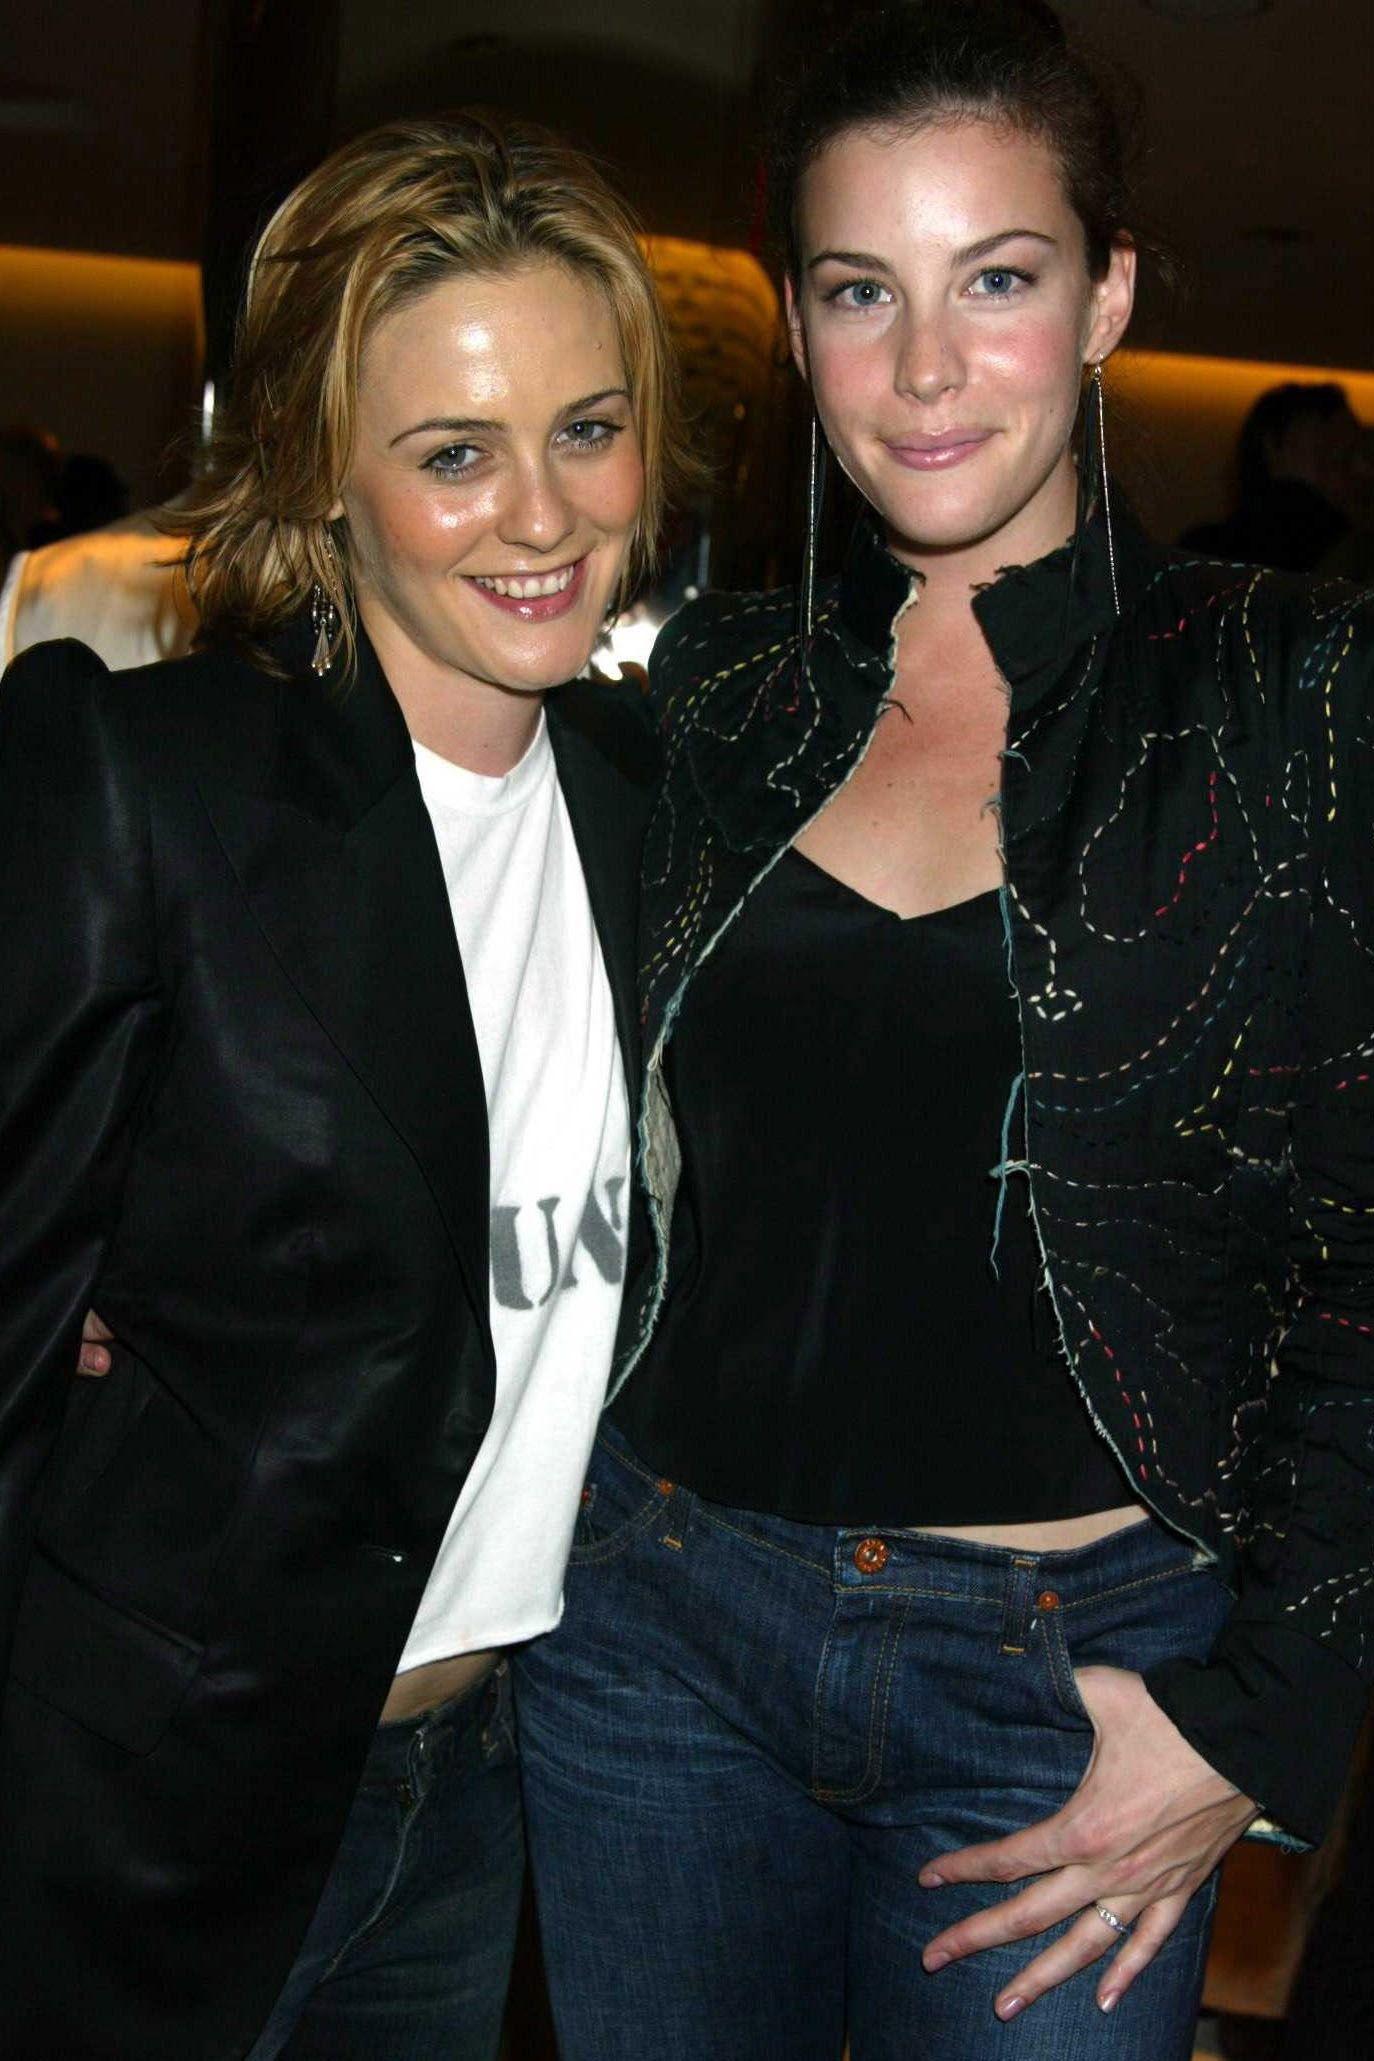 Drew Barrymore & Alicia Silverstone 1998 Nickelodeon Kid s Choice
════
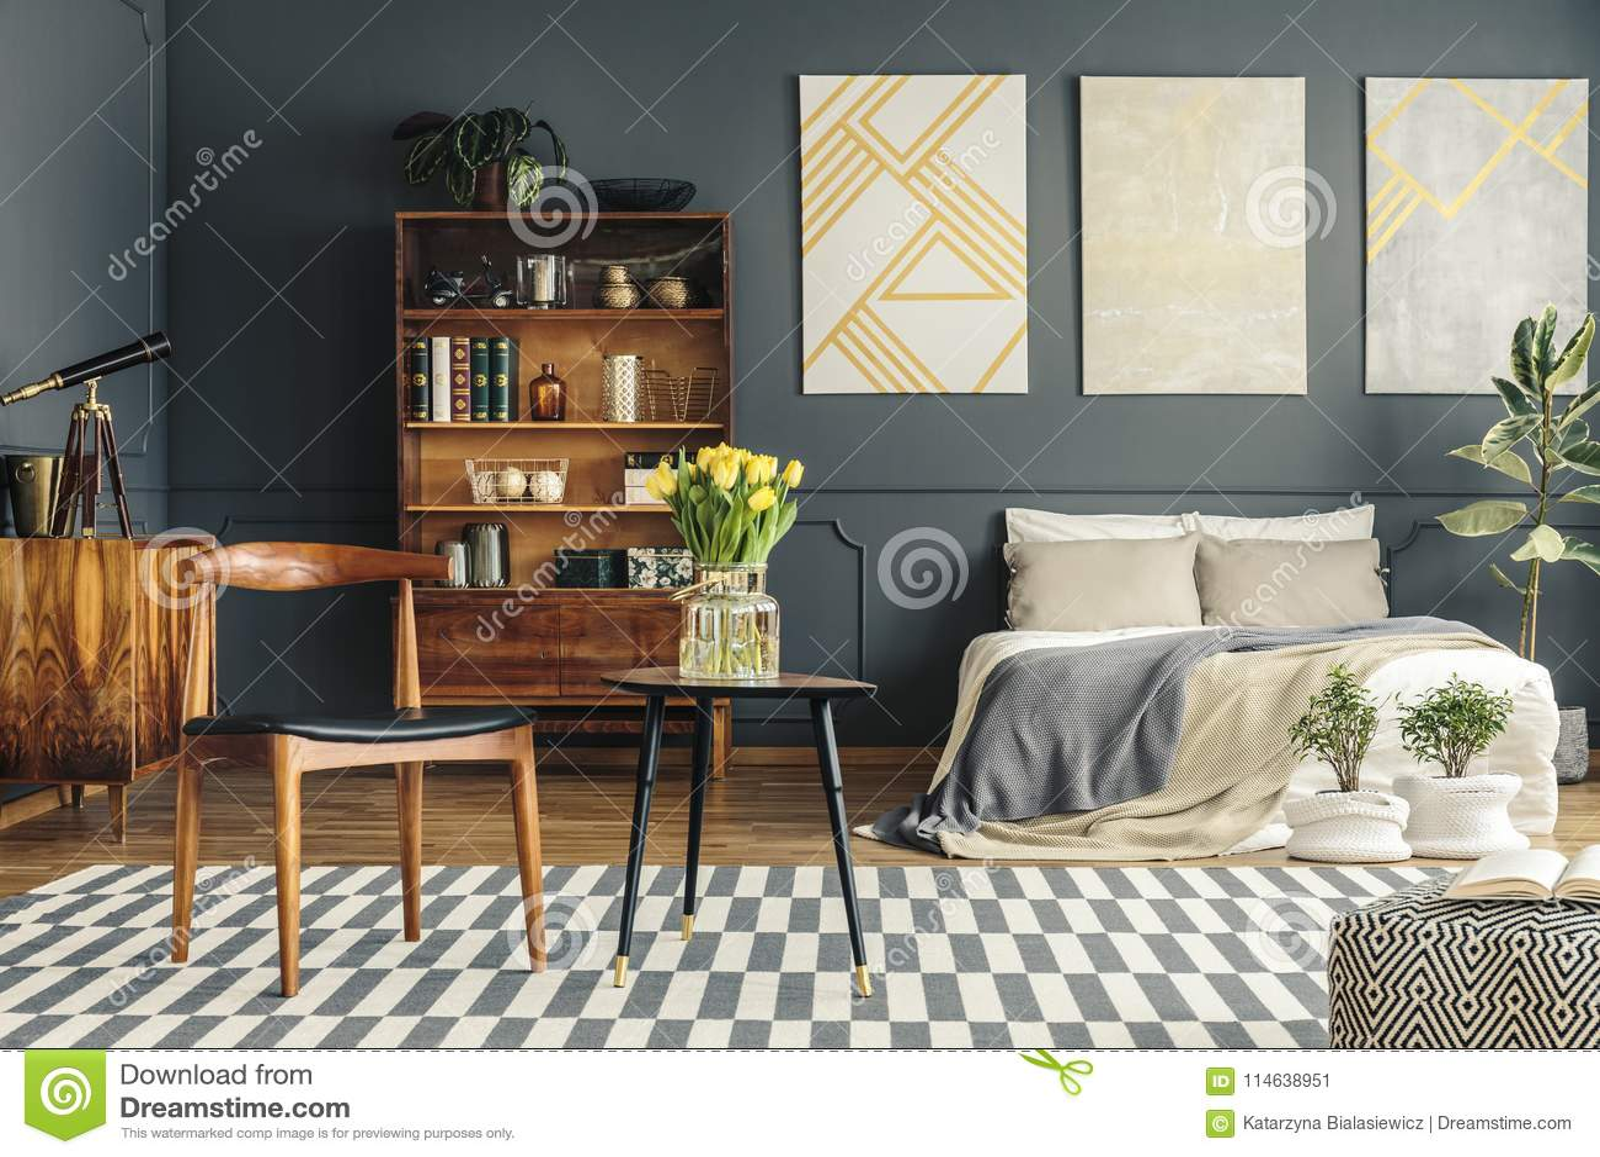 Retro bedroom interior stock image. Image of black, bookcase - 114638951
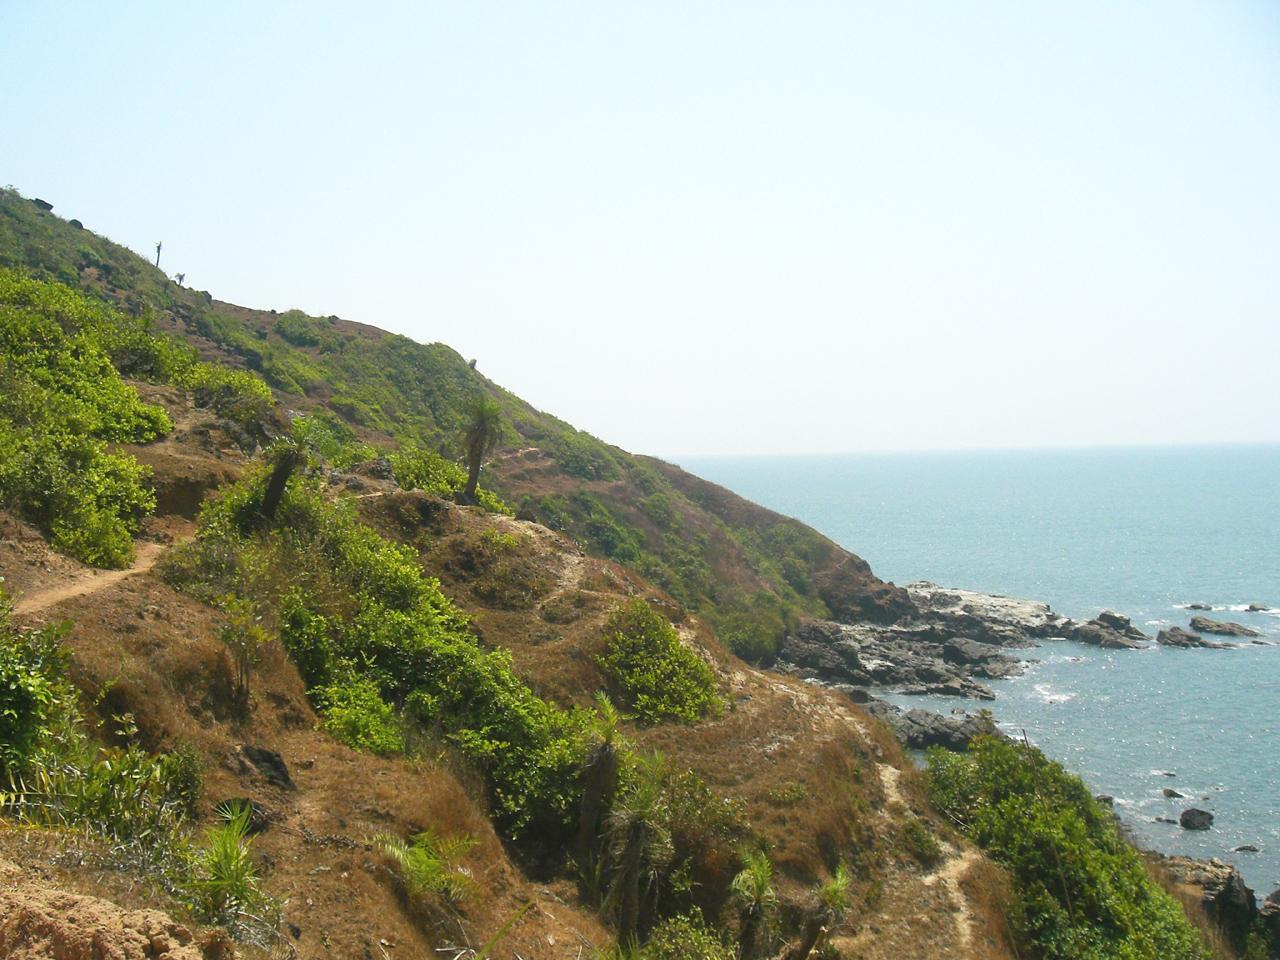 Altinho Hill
════
(Task prompt):
Using the entries above, reproduce word for word only the lines from the one that contains "Retro bedroom interior" to the one that contains "Altinho Hill", both ends included, and drop every picture.

(Output for this exercise):
 Retro bedroom interior stock image. Image of black, bookcase - 114638951
 Altinho Hill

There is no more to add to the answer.